START Data section
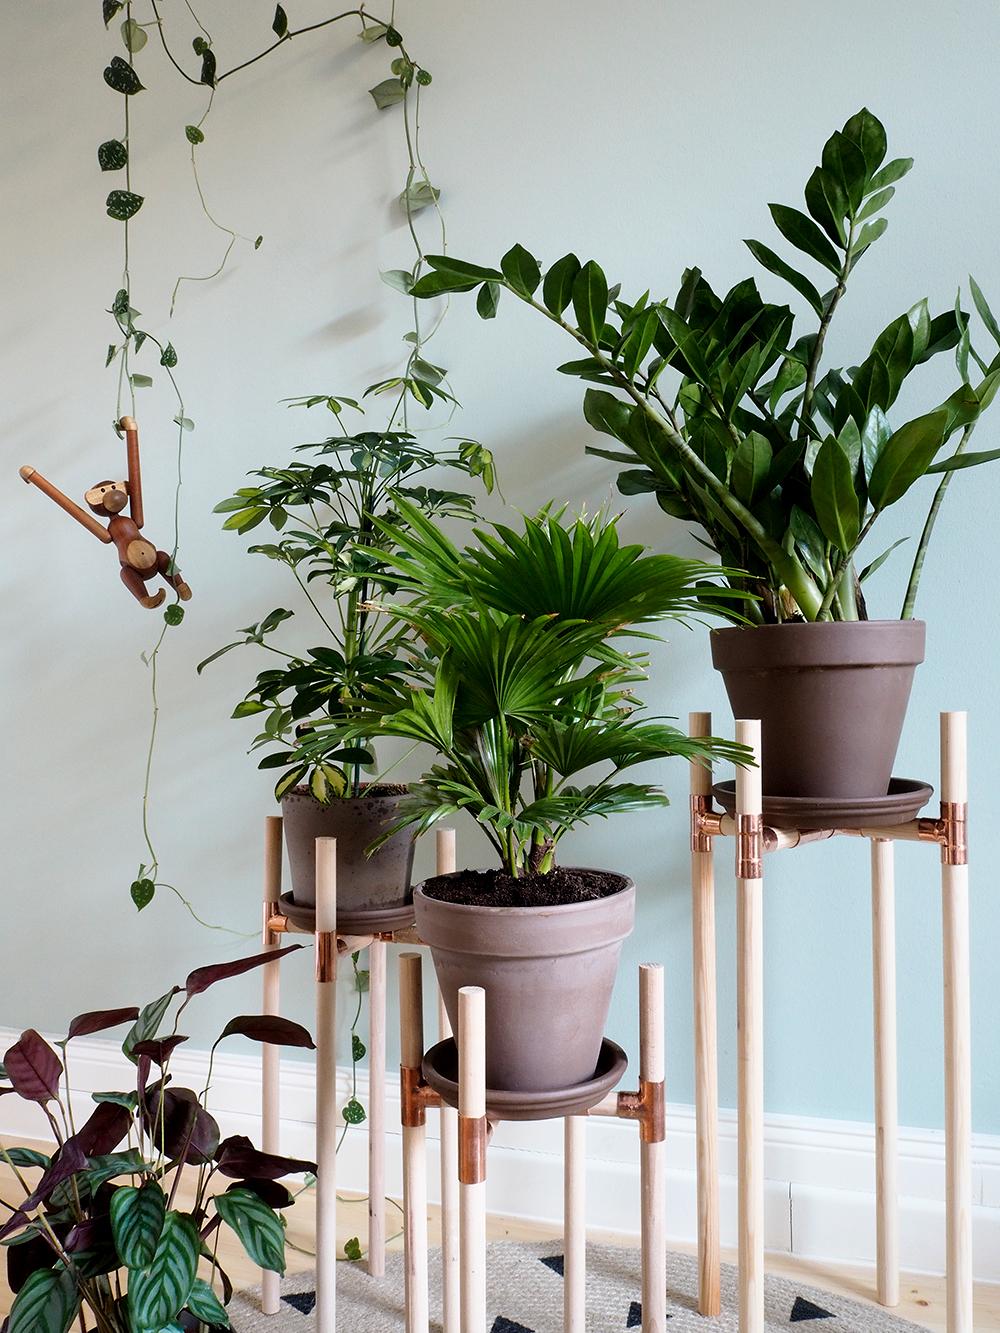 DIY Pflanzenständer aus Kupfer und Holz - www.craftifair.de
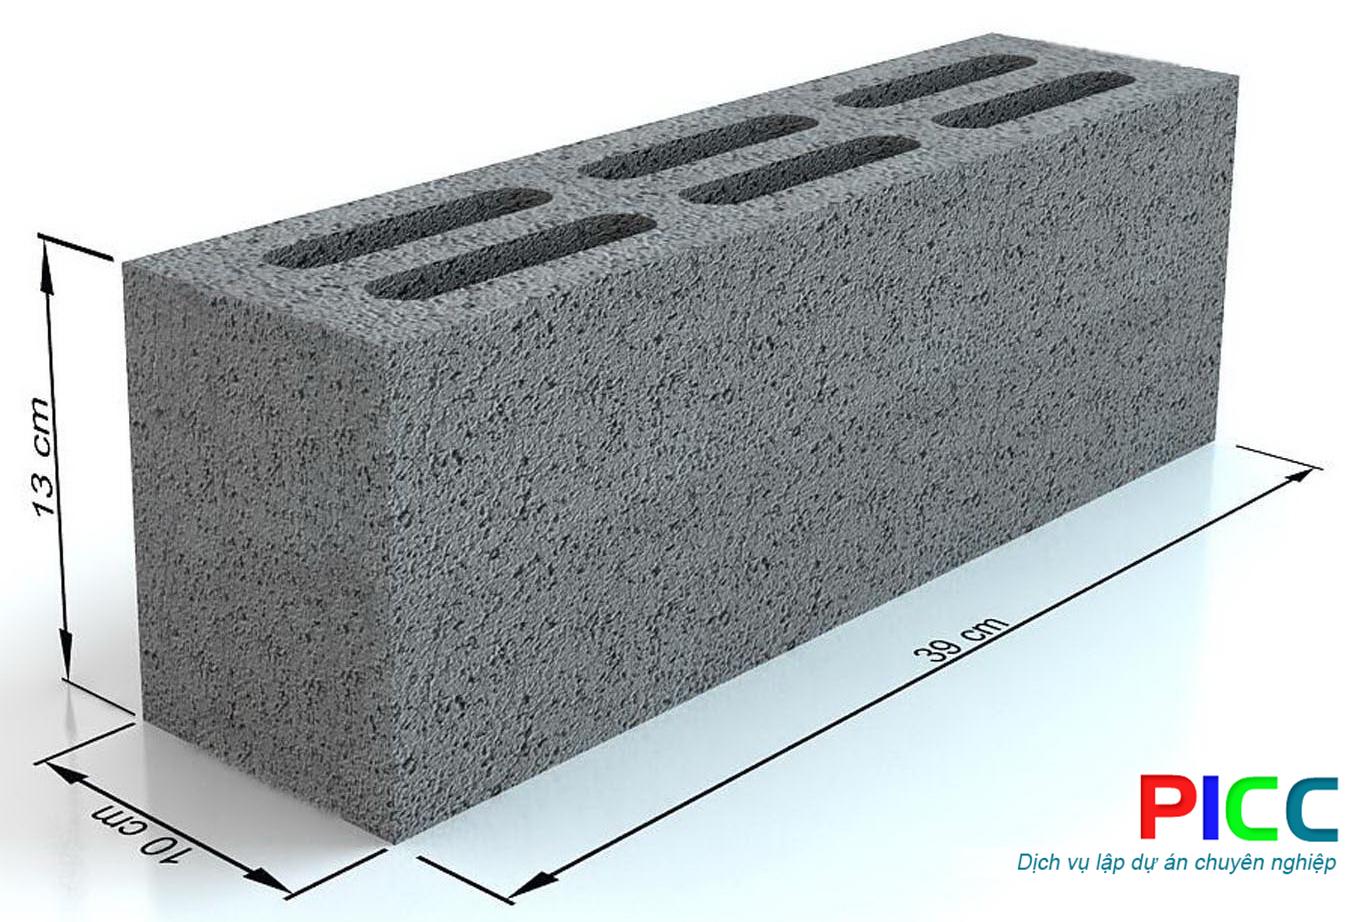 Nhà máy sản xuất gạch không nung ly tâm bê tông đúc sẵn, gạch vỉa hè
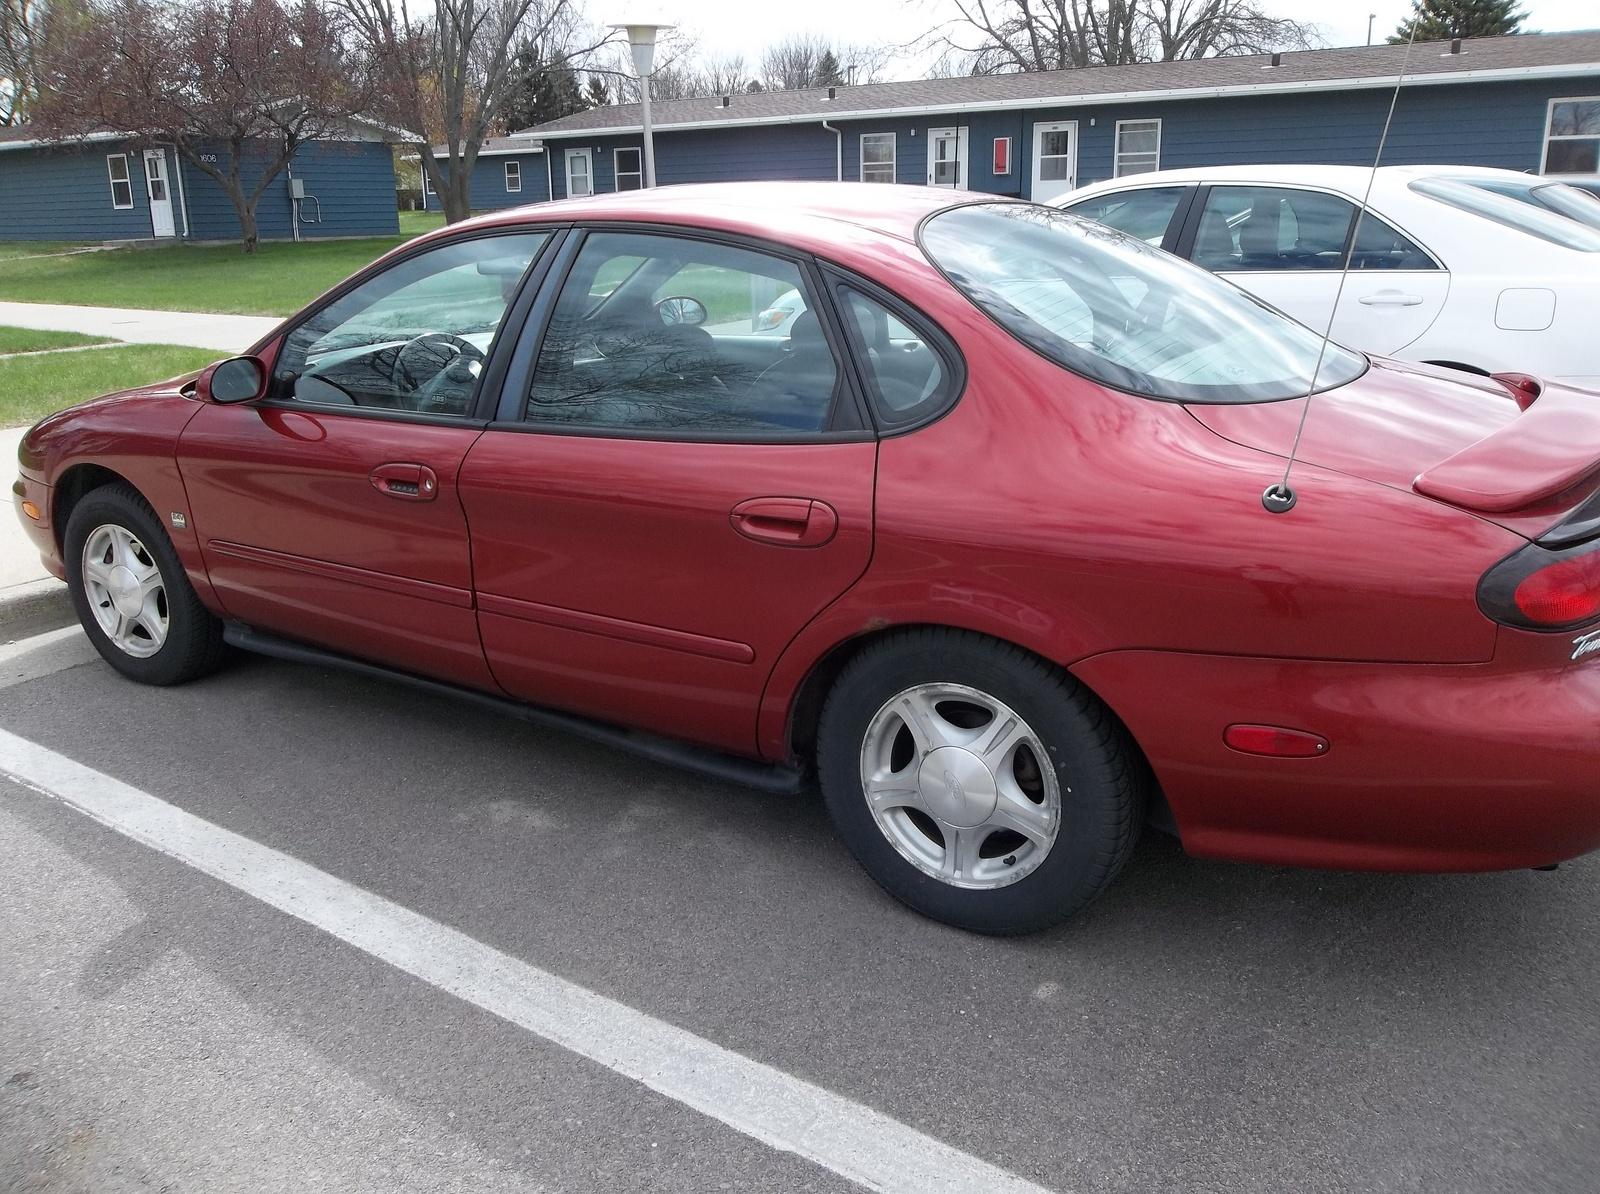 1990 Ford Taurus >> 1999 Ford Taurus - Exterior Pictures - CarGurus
END Data section
* **Exercise requirements**:
The full listing, transcribed exactly and without its pictures, is the expected result.

* **Answer box**:
 DIY Pflanzenständer aus Kupfer und Holz - www.craftifair.de
 Nhà máy sản xuất gạch không nung ly tâm bê tông đúc sẵn, gạch vỉa hè
 1990 Ford Taurus >> 1999 Ford Taurus - Exterior Pictures - CarGurus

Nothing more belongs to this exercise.